Figure 5: Boot actions for debvm-run.

Figure 6: Logging in to a VM with debvm-run.

When required, options can be added. When a directory contains multiple VMs, the one to boot must be specified with --image=IMAGE (-i=IMAGE). If a graphical interface is included in the VM, --graphical (-g) opens the VM in a separate window with the mouse enabled. For specific circumstances or hardware, --qemu can be used to add Qemu options, although the most likely ones are available in debvm-create. The debv-run man page suggests that --snapshot=SNAPSHOT can be used to back up the VM. Ordinarily you can log in to a VM with --sshport=SSHPORT (-s SSHPORT) using the hostname 127.0.0.1. If this hostname is not already among your known hosts, you can connect without updating the list with:

ssh -o NoHostAuthenticationForLocalhost=yes
-p $sshport root@127.0.0.1

When you are finished with the VM, simply close the terminal. Similarly, you can delete the file.

debvm-waitssh

The debvm-waitssh command is the equivalent of --sshport=SSHPORT (-s SSHPORT). It is used to connect to a VM with an exposed SSH port and no authentication.
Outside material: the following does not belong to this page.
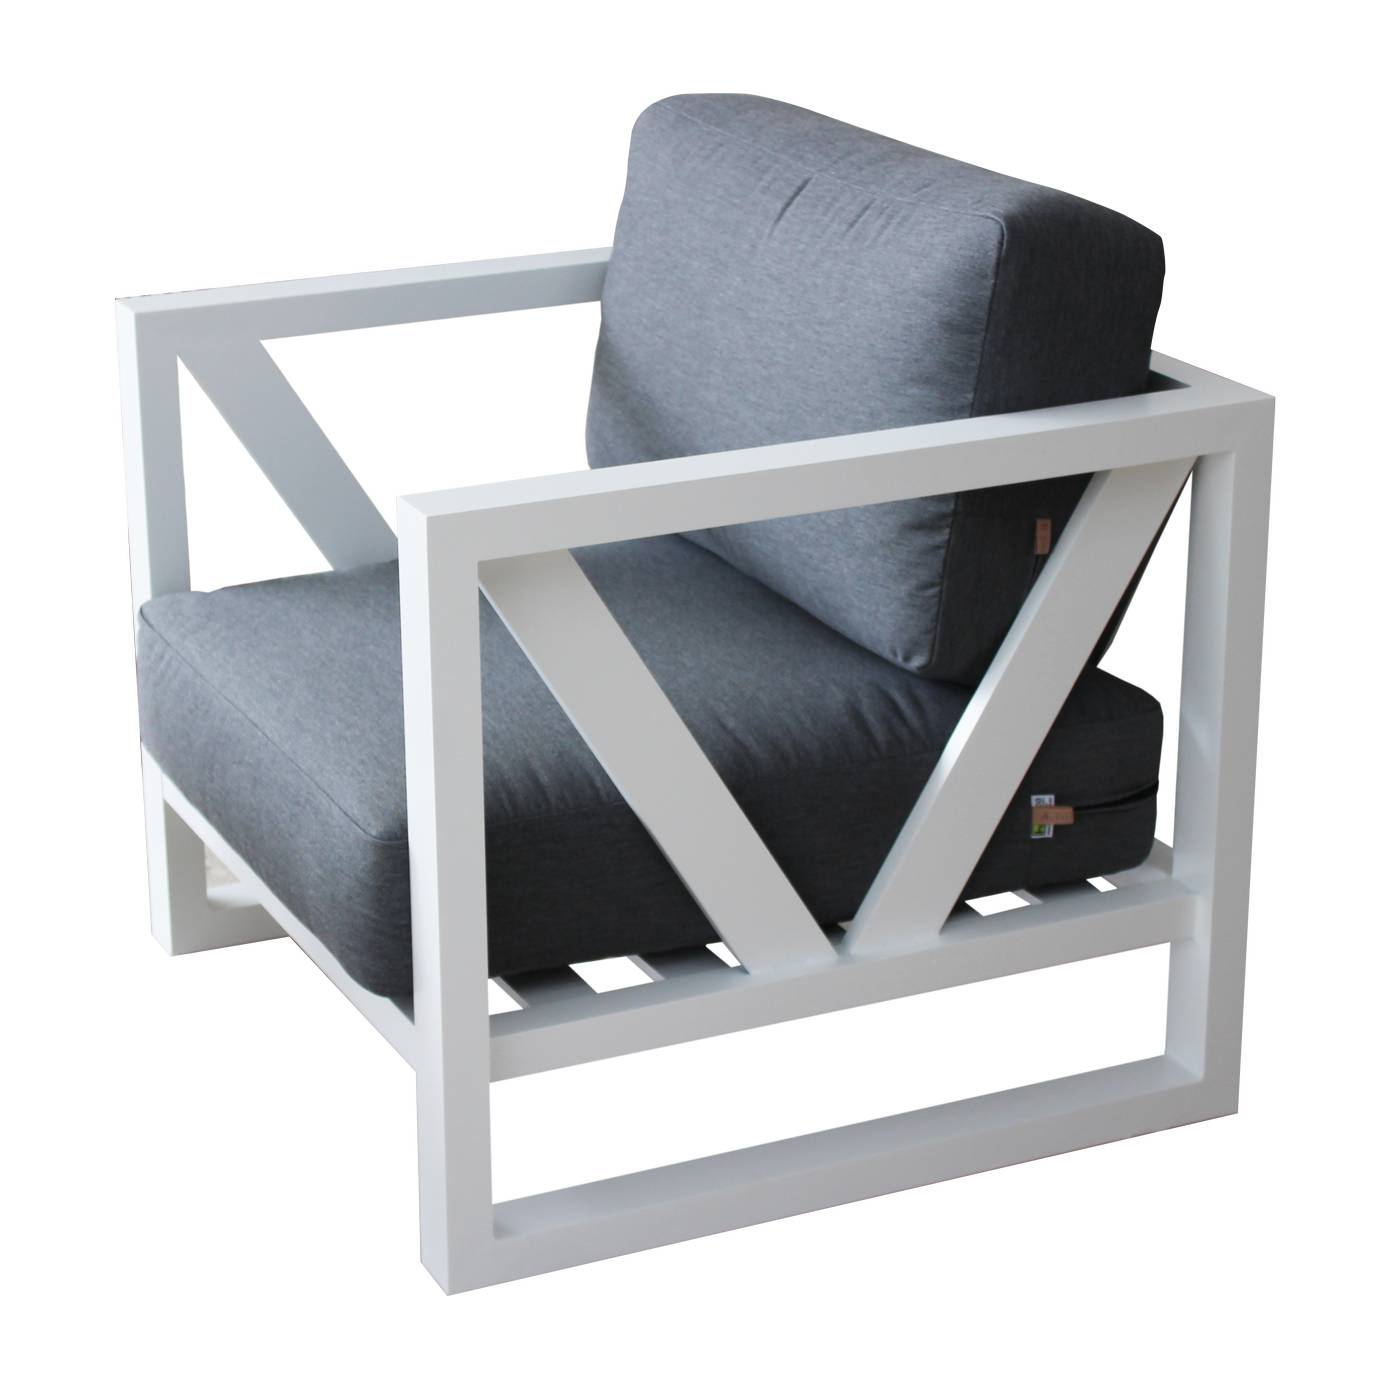 Set Aluminio Luxe Ventus-9 - Lujoso conjunto de aluminio: sofá 2 plazas + 2 sillones + mesa de centro + 2 taburetes. Color conjunto: blanco, antracita o champagne.

If only the basic command is entered, it defaults to a timeout of 60 seconds and a hostname of 127.0.0.1 so that only the port (a number between 1 and 655) needs to be entered. For instance:

debvm-waitssh 600

Otherwise, you can use the following structure to enter parameters:

debvm-waitssh -t SECONDS] HOSTNAME:PORT

If the -q option is entered, no message displays when the timeout is reached.